• Data block
•••

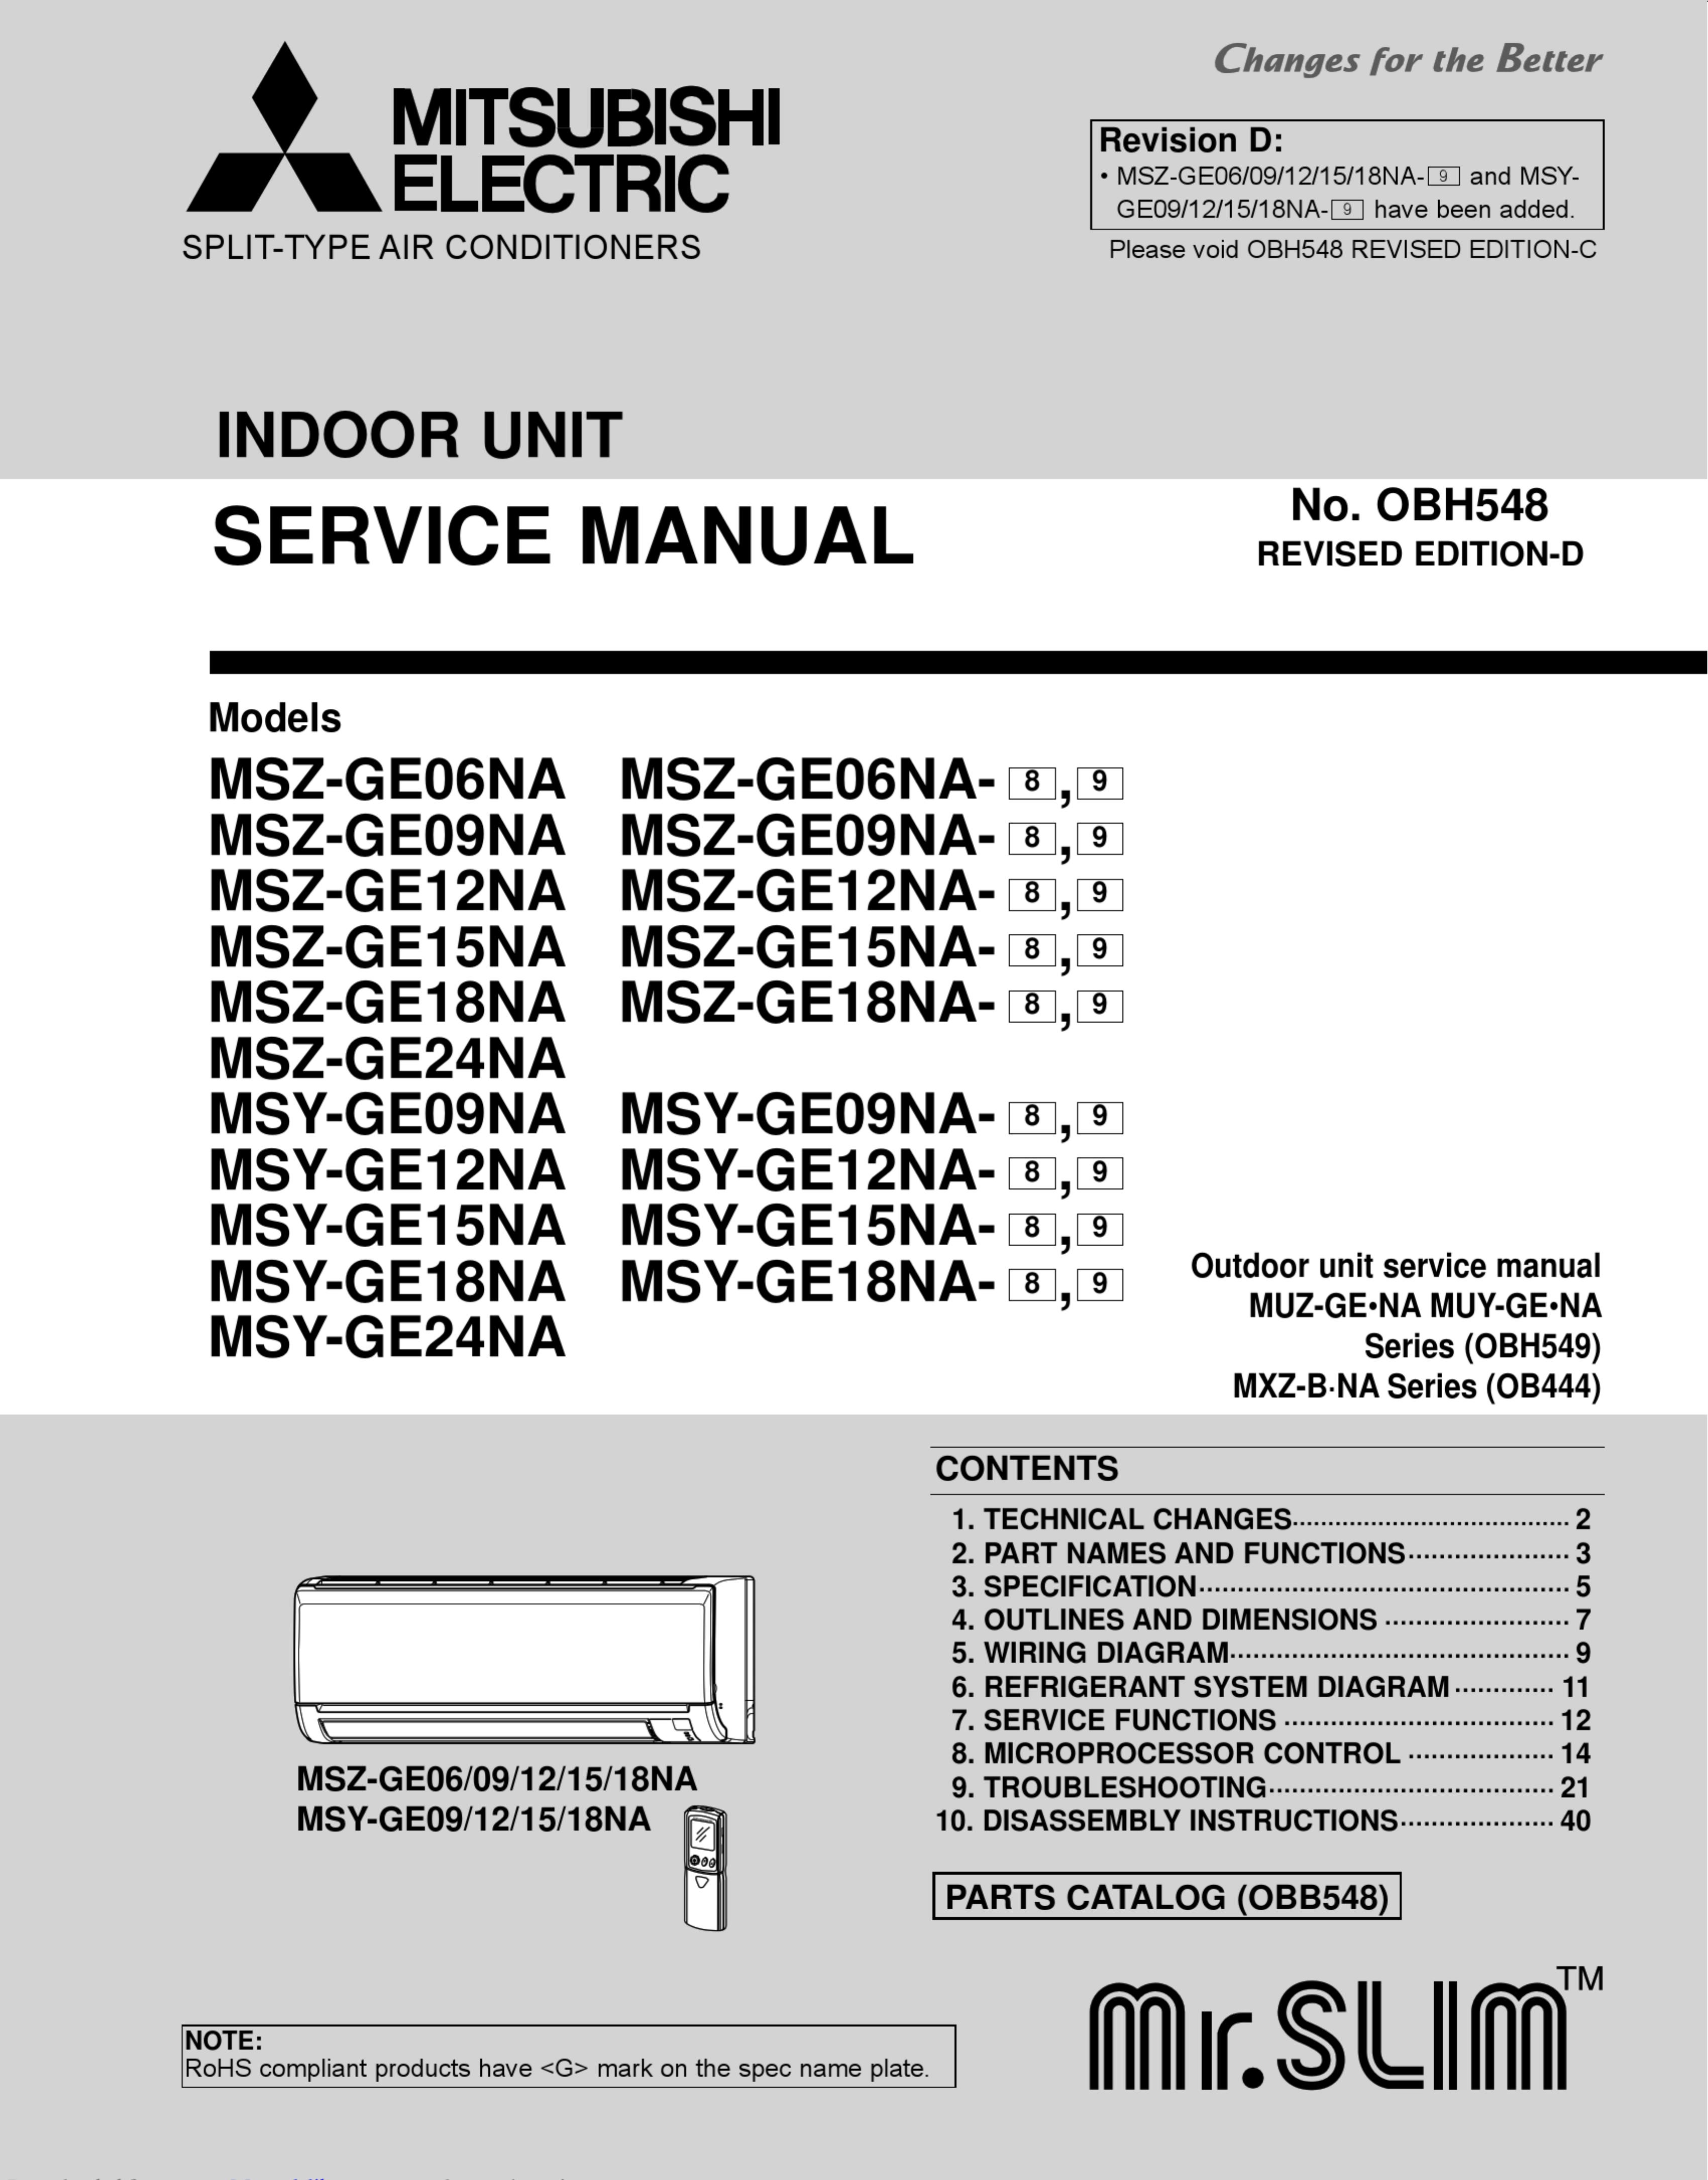 Mitsubishi Electric Msz Ge09na Service Manual 1003213 User Wiring Diagram
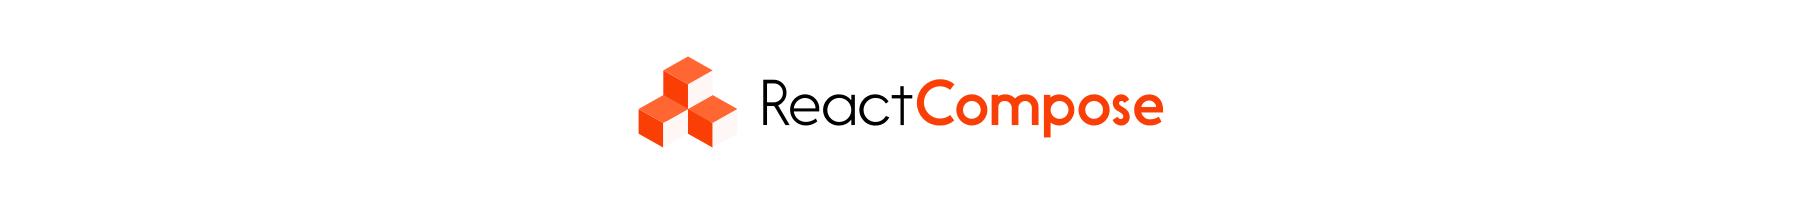 React Compose
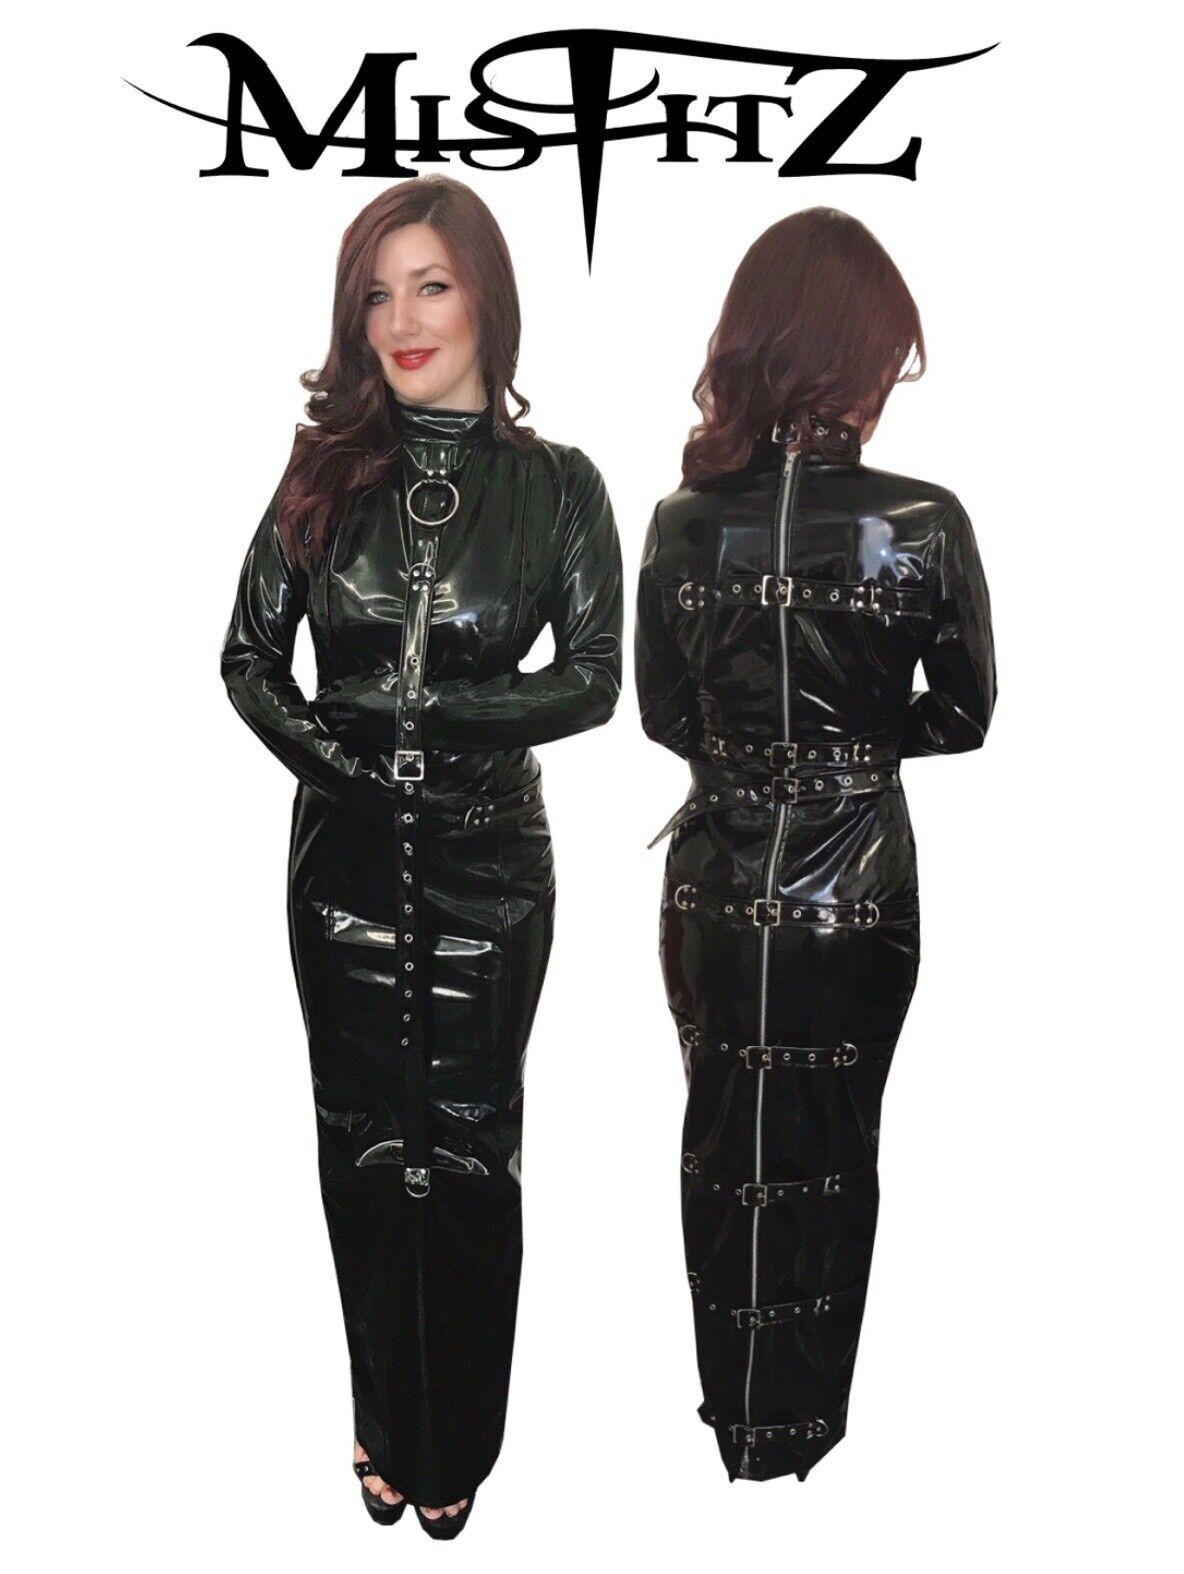 Misfitz NERA IN PVC PASTOIA Fibbia ritenuta Dress 8-32 MADE TO MEASURE TV CD Goth

•••

• Task
Retype the data shown above exactly, excluding any picture it contains.

• Problem solution
 Mitsubishi Electric Msz Ge09na Service Manual 1003213 User Wiring Diagram
 React Compose
 Misfitz NERA IN PVC PASTOIA Fibbia ritenuta Dress 8-32 MADE TO MEASURE TV CD Goth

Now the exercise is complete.